When someone is dead in a movie, do you try to catch him breathing too or am I a weirdo?
[undercover FBI agent who’s had me under surveillance for weeks decides to blow his cover] do you ever stop eating?
If you don’t pay your exorcist
You get repossessed
I was fired from volunteering at the fire department. Apparently “wax the pole” means different things to different people.
Solving a traffic jam
80% of adulthood is trying to figure out what upset your stomach.
Designer: How big should the gap between the car’s front seat and center console be?
Boss: Big enough for your phone to fall through.

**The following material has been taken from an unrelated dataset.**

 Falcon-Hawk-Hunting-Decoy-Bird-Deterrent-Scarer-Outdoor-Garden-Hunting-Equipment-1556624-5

Designer: And also big enough for your hand to retrieve it?
Boss: haha oh goodness no
Her: I want you to kill my ex but make it seem like an accident
Me: say no more
[Later]
Detective: looks like the killer beat him to death with a crowbar and then placed a banana peel by his feet
[Starbucks Assassins Inc]
CHIEF: Write this down. Target’s name is John
BARISTA: [writes] Jamie
C: Ok. Memorise it
B: [eyes shut] Janet
Me: ooh baby do you know what that’s worth
Congregation: oooh heaven is a place on earth
Bishop: no
BOUNCER: No, you’re not getting in, just go home
ME: *slips him some money*
BOUNCER: What’s this?
ME *whispering so my friends don’t hear* thank you
My 7yo son has learnt how important it is to spell properly after I took him to a sweatshop for his birthday, as requested.
Hockey: because running on knives makes sense.

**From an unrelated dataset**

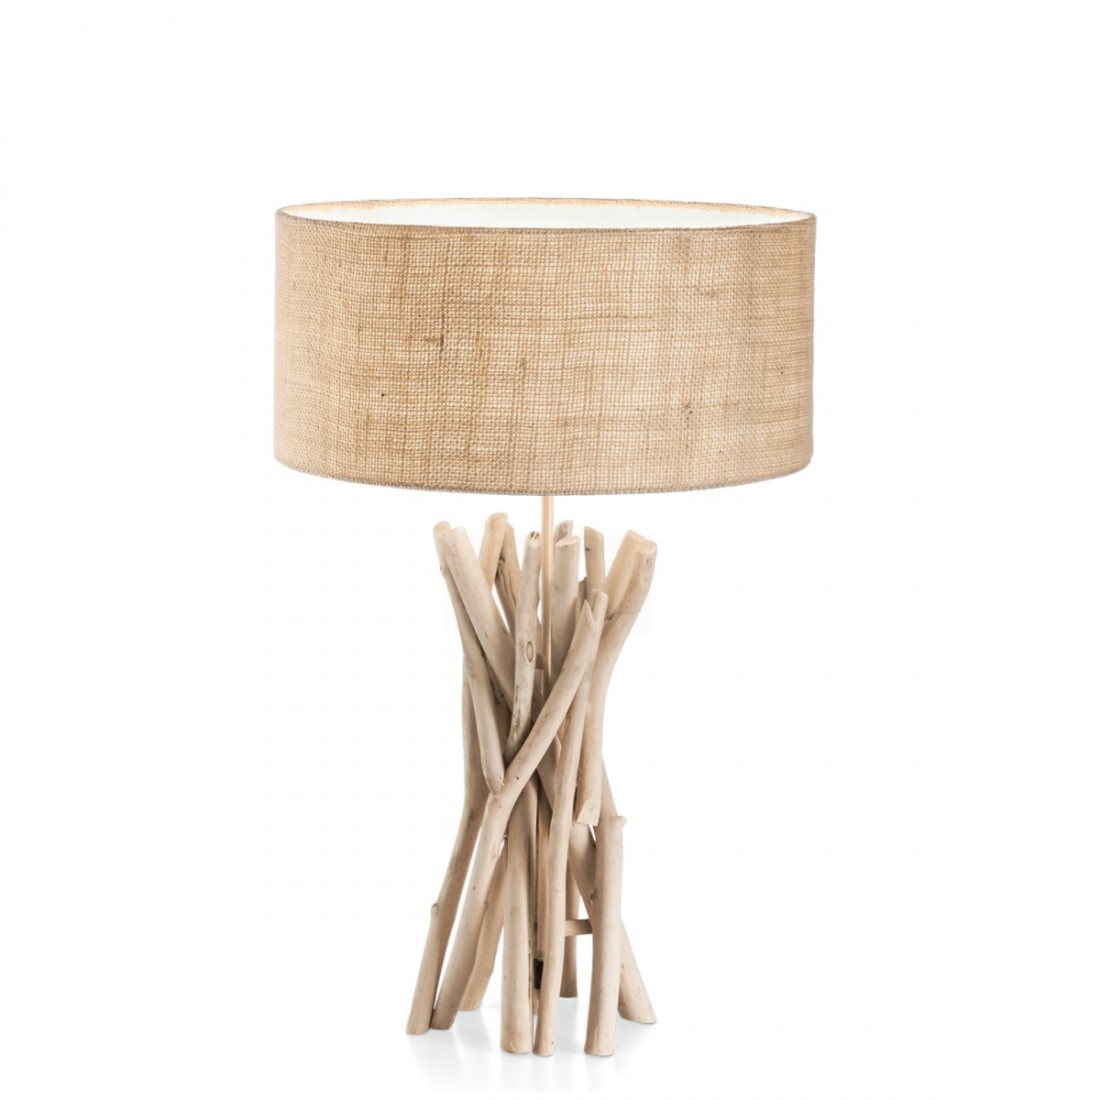 Base per lampada in legno tornito a mano con lampadine decorative E27  vintage, rovere -  Italia

I think my favorite part of being a parent is telling my kids they can’t have any chips before dinner because deep down I know I’m eating that family sized bag of doritos after they go to bed
Whenever I have a panic attack, I put a paper bag over my mouth & once I’m done drinking the alcohol inside I feel a lot better.
I’m still upset that my parents didn’t support my dream of becoming an assassin.
I wear lipstick when I go into Walmart so people know I’m not approachable or one of their kind
Nothing tests the marriage bond like being stranded in an airport with kids.